The running time describes how many operations an algorithm must do before it completes.

For the next example, the growth rate is O(1), which means that the lookup is constant, no matter how big the container is.


                                                        vector<int> items = { 1, 2, 3, 4, 5, 6 };      
                                                            
                                                        bool isValueAtIndex(int index, int value) {      
                                                        return items[index] == value;      
                                                        }

For the next example, the growth rate is O(n) because, for a vector with n=1000 (1000 elements), the number of operations will also be 1000.

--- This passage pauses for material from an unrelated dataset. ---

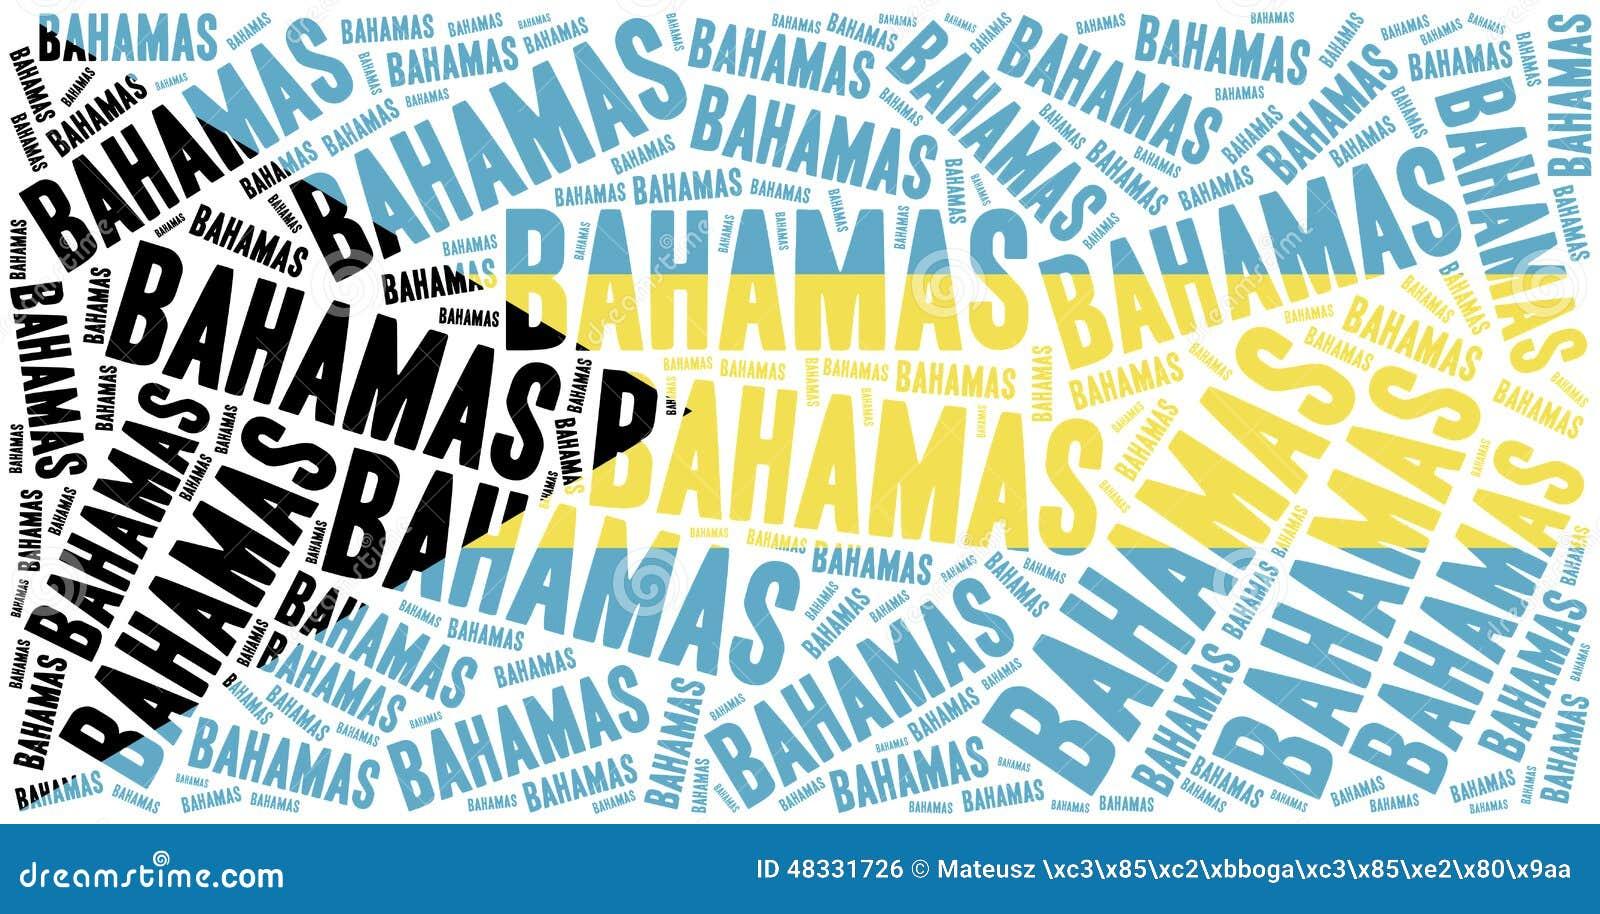 Bahamas Flag Red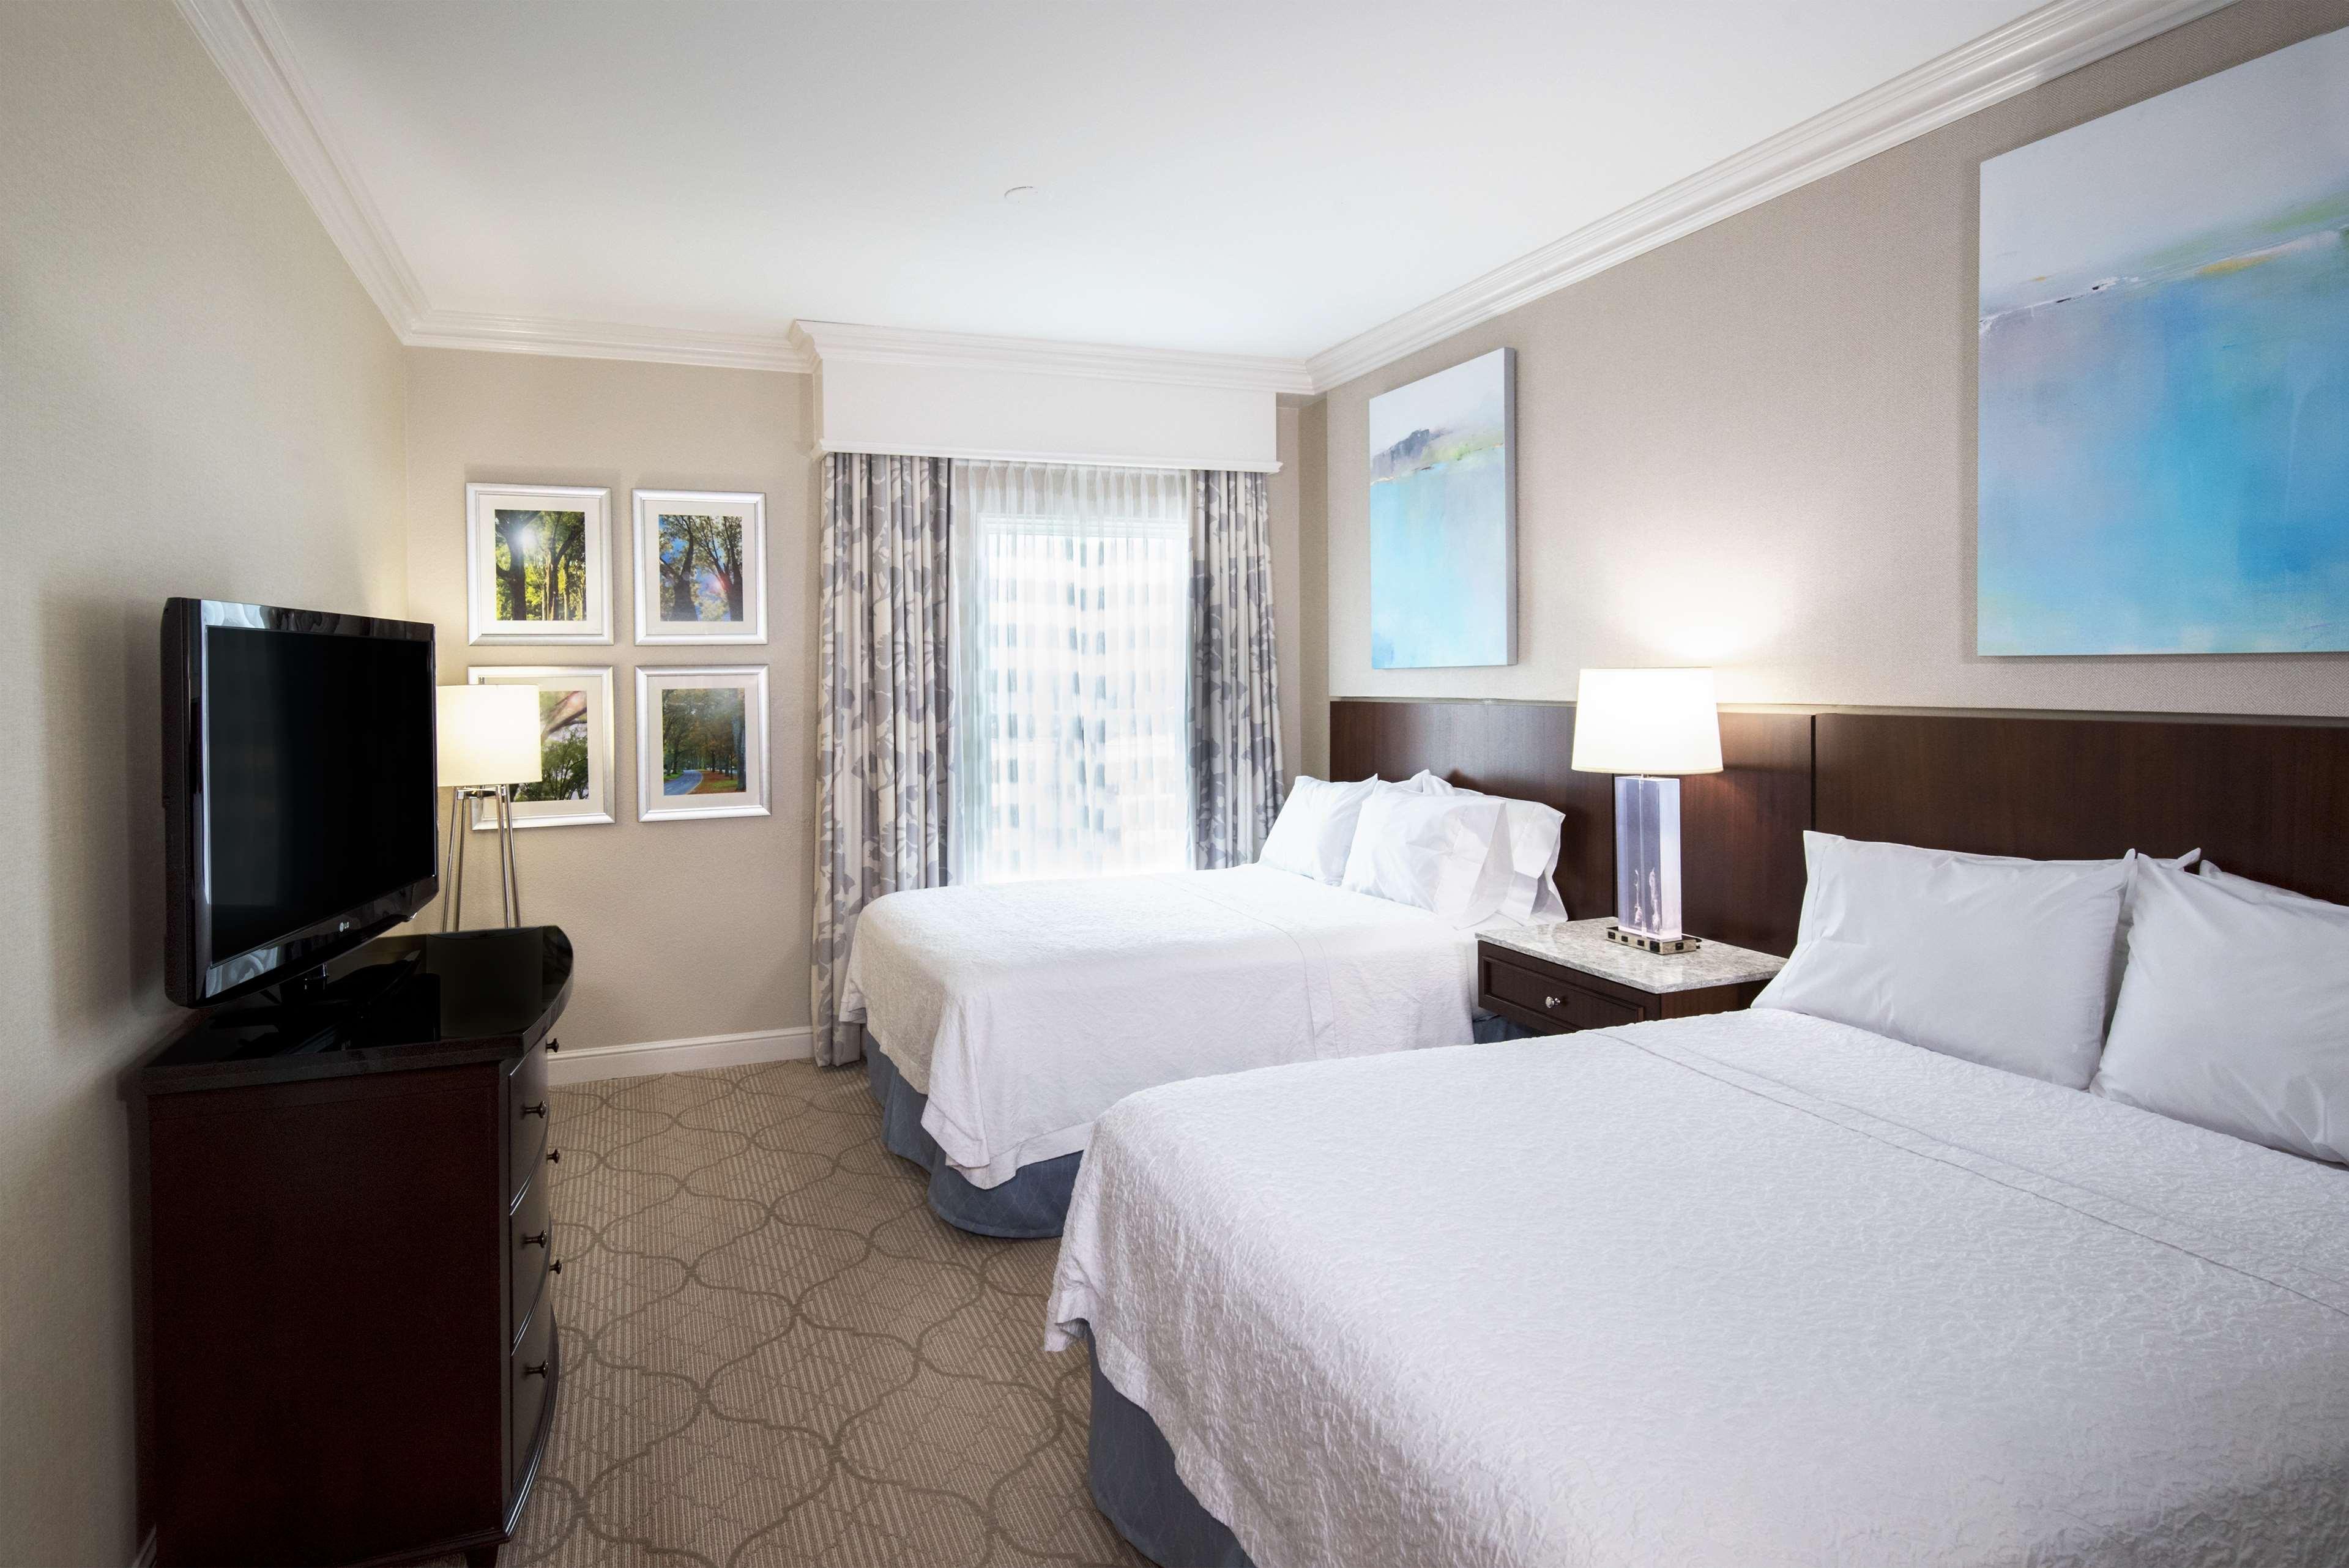 Hampton Inn & Suites Charlotte/South Park at Phillips Place image 41

                                                        vector<int> items = { 1, 2, 3, 4, 5, 6 };      
                                                        int sum = 0;  
                                                        
                                                        int calculateSum() {      
                                                        for (int i = 0; i < items.size(); ++i) {  
                                                            sum += items[i];  
                                                        }  
                                                        return sum;  
                                                        }

For the next example, the growth rate is O(n²) because, for a vector with n=10 (10 elements), the number of operations will be 10².

For each number i from 0 to 9 (Line 4)
For each number j from 0 to 9 (Line 5)
Display the values on screen([0][0], [0][1], …[9][9])


                                                        vector<int> items = { 1, 2, 3, 4, 5, 6 };      
                                                            
                                                        void printItemsAsMatrix() {    
                                                        for (int i = 0; i < items.size(); ++i) {    
                                                            for (int j = 0; j < items.size(); ++j) {    
                                                            print(i, j);    
                                                            }    
                                                        }    
                                                        }    
                                                            
                                                        void print(int i, int j) {    
                                                        cout << "[" << i << "][" << j << "]";    
                                                        }

Space complexity

The space complexity describes how much space must be allocated to run the algorithm. For any algorithm, memory may be used for variables (constant, temporary variables), instruction, or execution.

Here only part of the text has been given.